Faltava apenas um dia para o leilão.
Eu fui retirada do trabalho nas charretes ao entardecer. Estava exausta, o corpo coberto de hematomas roxos nos ombros e nas coxas, as tiras do arreio tinham deixado marcas profundas na pele. A máscara de metal ainda cobria minha cabeça, quente, sufocante, a lã de vidro coçando sem parar, a visão reduzida a furinhos que mal deixavam enxergar. Minha mente estava entorpecida, lenta, como se eu estivesse andando dentro de um sonho ruim do qual não conseguia acordar.
Não me deram banho. Não me tiraram nenhuma peça de metal. Eu continuava com a máscara chifruda, a boca esticada pelo freio, os seios espremidos pelas coroas apertadas, o cinto de castidade com os dois paus de borracha dura me enchendo, as luvas-bola nas mãos, as tornozeleiras pesadas e as sandálias de ferro queimando os pés.
Fui levada para um quarto no hotel. Um quarto normal. Cama grande, lençóis limpos, luz suave. O contraste com tudo que eu tinha vivido nos últimos dias era quase insuportável.
E então a porta se abriu novamente e Julie entrou.
Ela estava limpa, estava tomada banho. O cabelo loiro brilhante e penteado, cheirando a shampoo caro. A pele clara, sem marcas visíveis. Sem máscara, sem cinto de castidade. Completamente nua, perfumada, quase… bonita. Como se a tivessem preparado para uma ocasião especial.
Meu coração se partiu ao meio.
Eles a colocaram sobre a cama, de costas, e amarraram suas pernas bem abertas, presas aos cantos da cama com correntes curtas. Julie ficou exposta, a bucetinha virgem rosada e delicada completamente à mostra. Ela olhou para mim. Seus olhos estavam vazios, apáticos, como os de uma boneca.

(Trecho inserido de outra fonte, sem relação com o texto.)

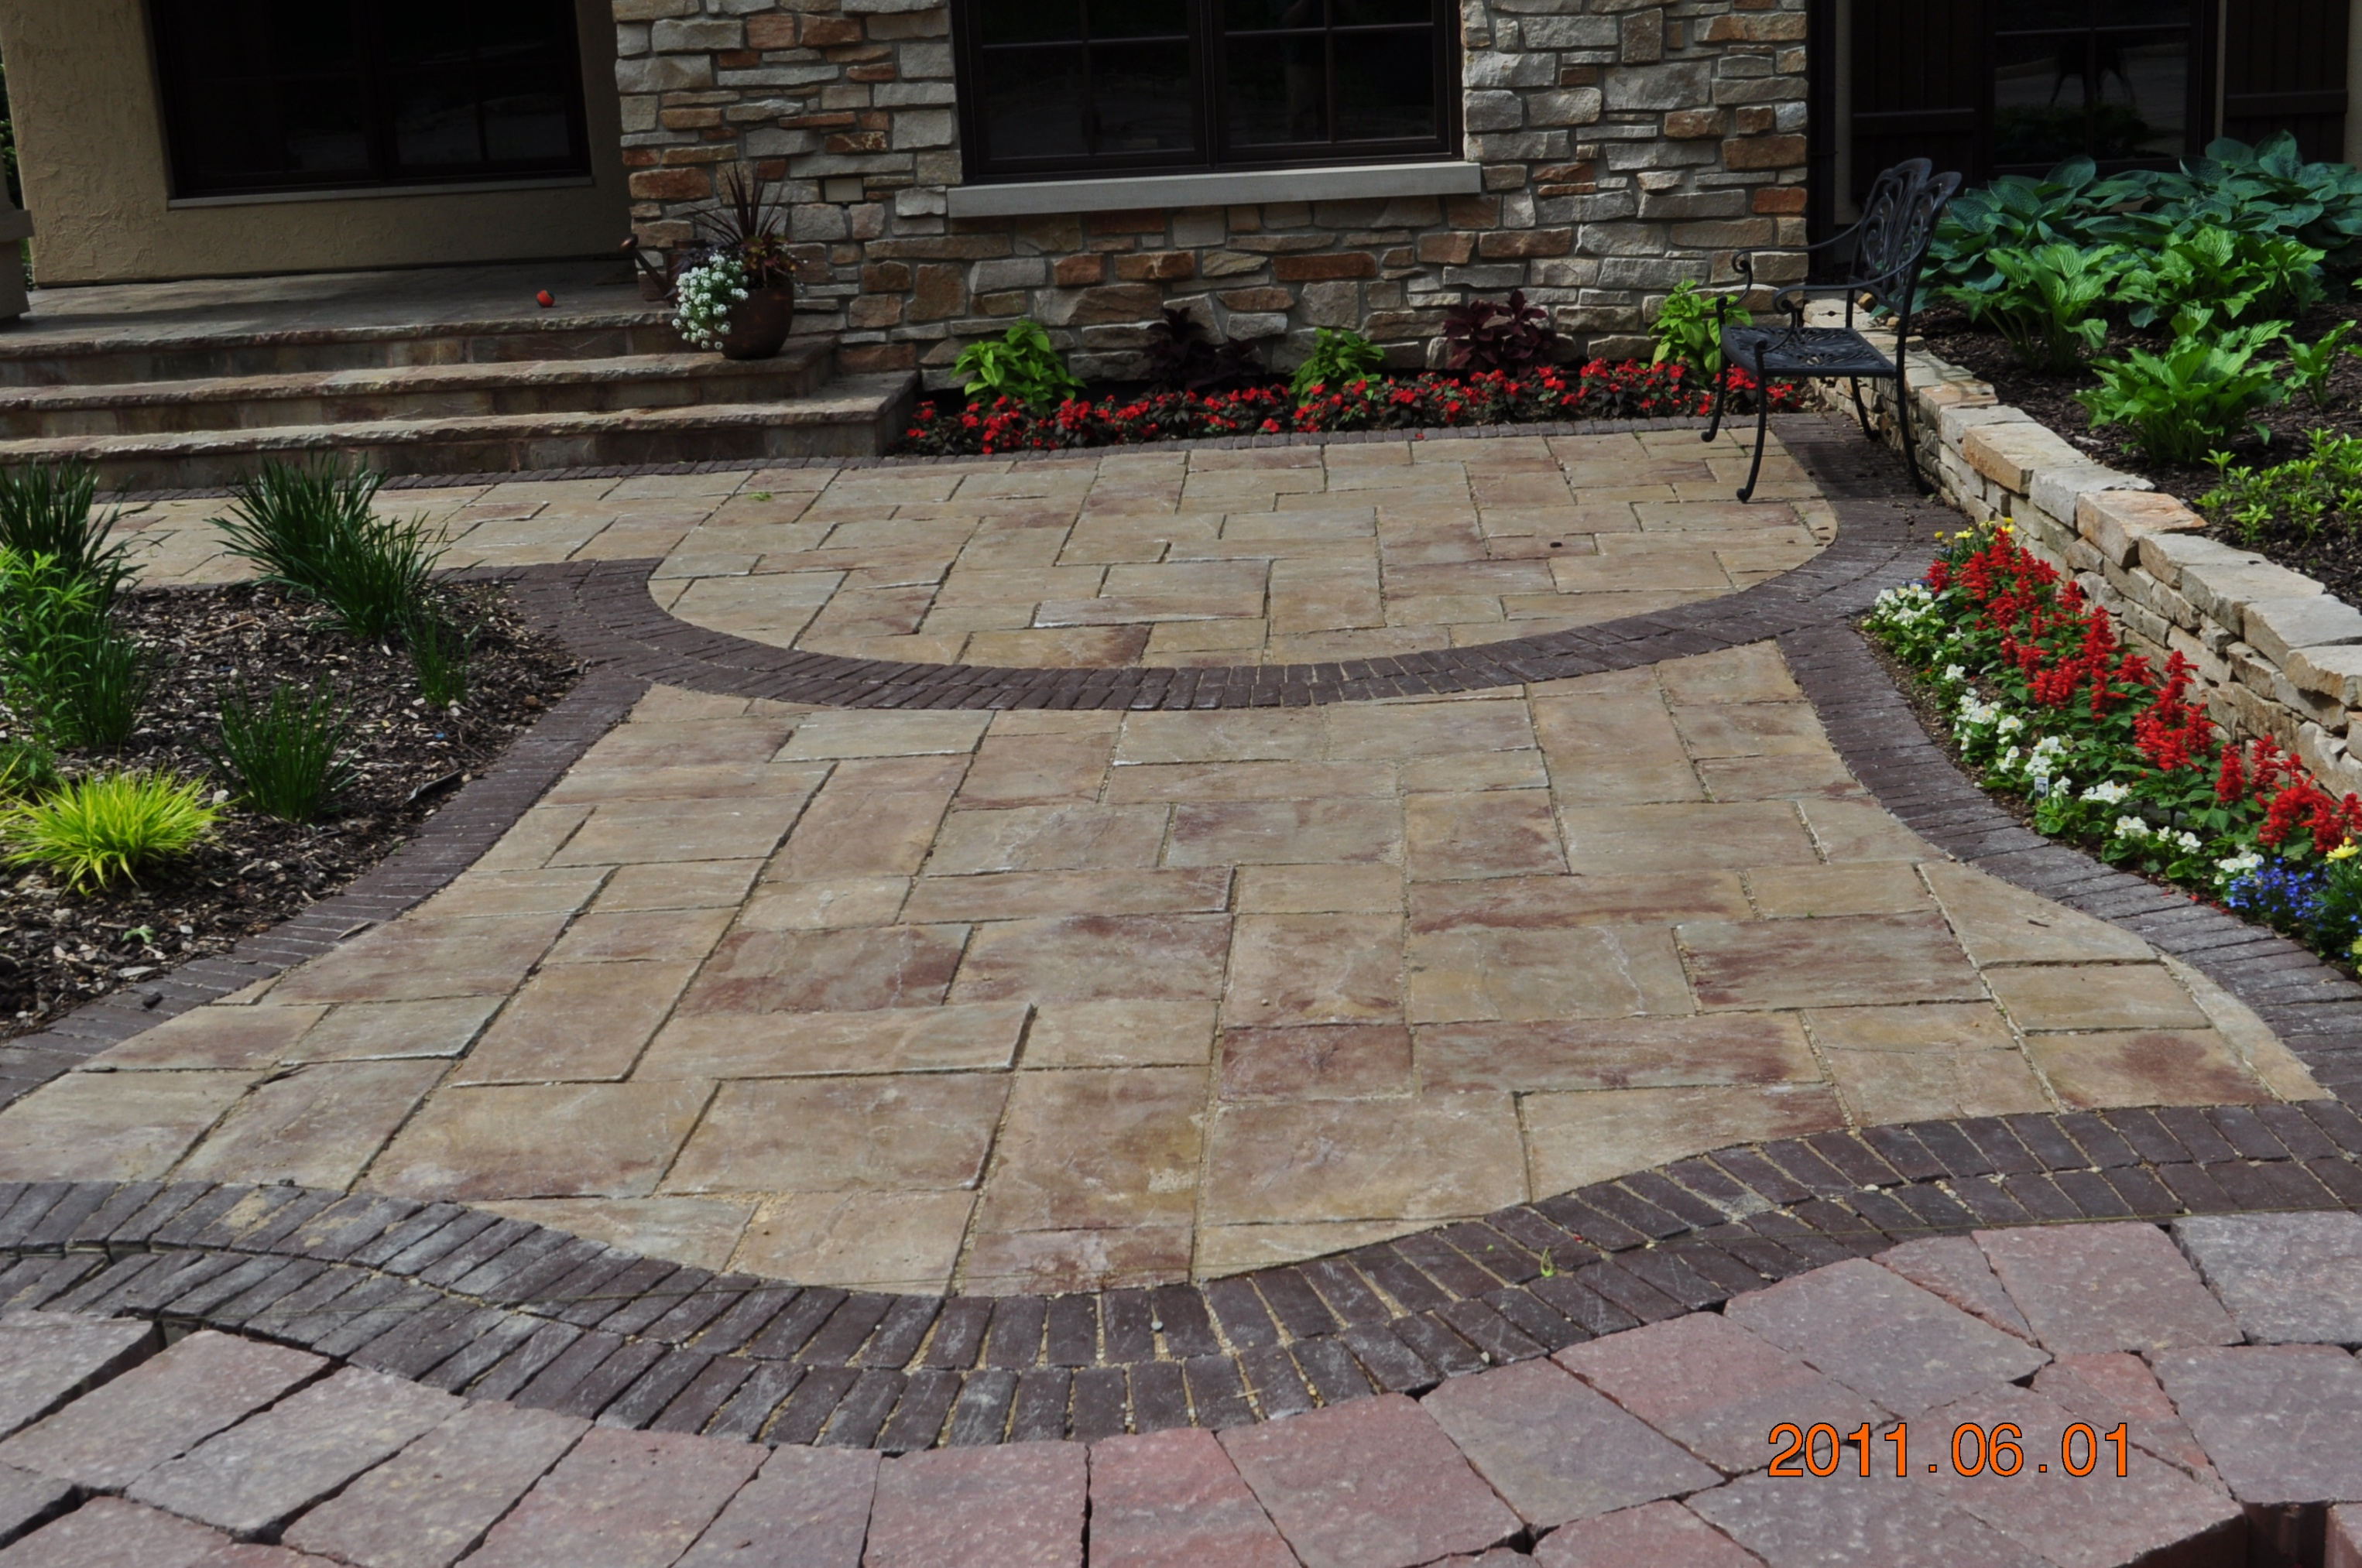 Rockford Brick Paver Landscape Features - Brick paver ... on Brick Paver Patio Designs  id=27299

Meu marido entrou em seguida. Ele olhou para mim, depois para ela, e sorriu: “Chegou o dia, Caroline. Hoje nossa filhinha vira mulher.”
Ele se aproximou da cama, tirou a roupa devagar, o pau já duro. Não disse nada carinhoso, não houve beijos, não houve carinho. Ele subiu na cama, segurou os quadris de Julie com força e enfiou o pau inteiro na bucetinha virgem dela com uma única estocada brutal.
Julie soltou um grito agudo, o corpo inteiro se arqueando contra as amarras. Sangue escorreu imediatamente pela fenda, misturando-se ao lubrificante que ele não usou. Ele não parou. Começou a foder com força, fundo, batendo as bolas contra ela a cada estocada. O pau entrava e saía, brilhando de sangue e umidade forçada. Julie gritava, chorava, o corpo pequeno sacudindo violentamente: “Dói! Papai, dói muito! Por favor… para!”
Ele riu e meteu mais fundo, puxando o cabelo dela com uma mão enquanto dava tapas fortes na cara dela com a outra: “Calada, putinha. Você foi feita para isso.”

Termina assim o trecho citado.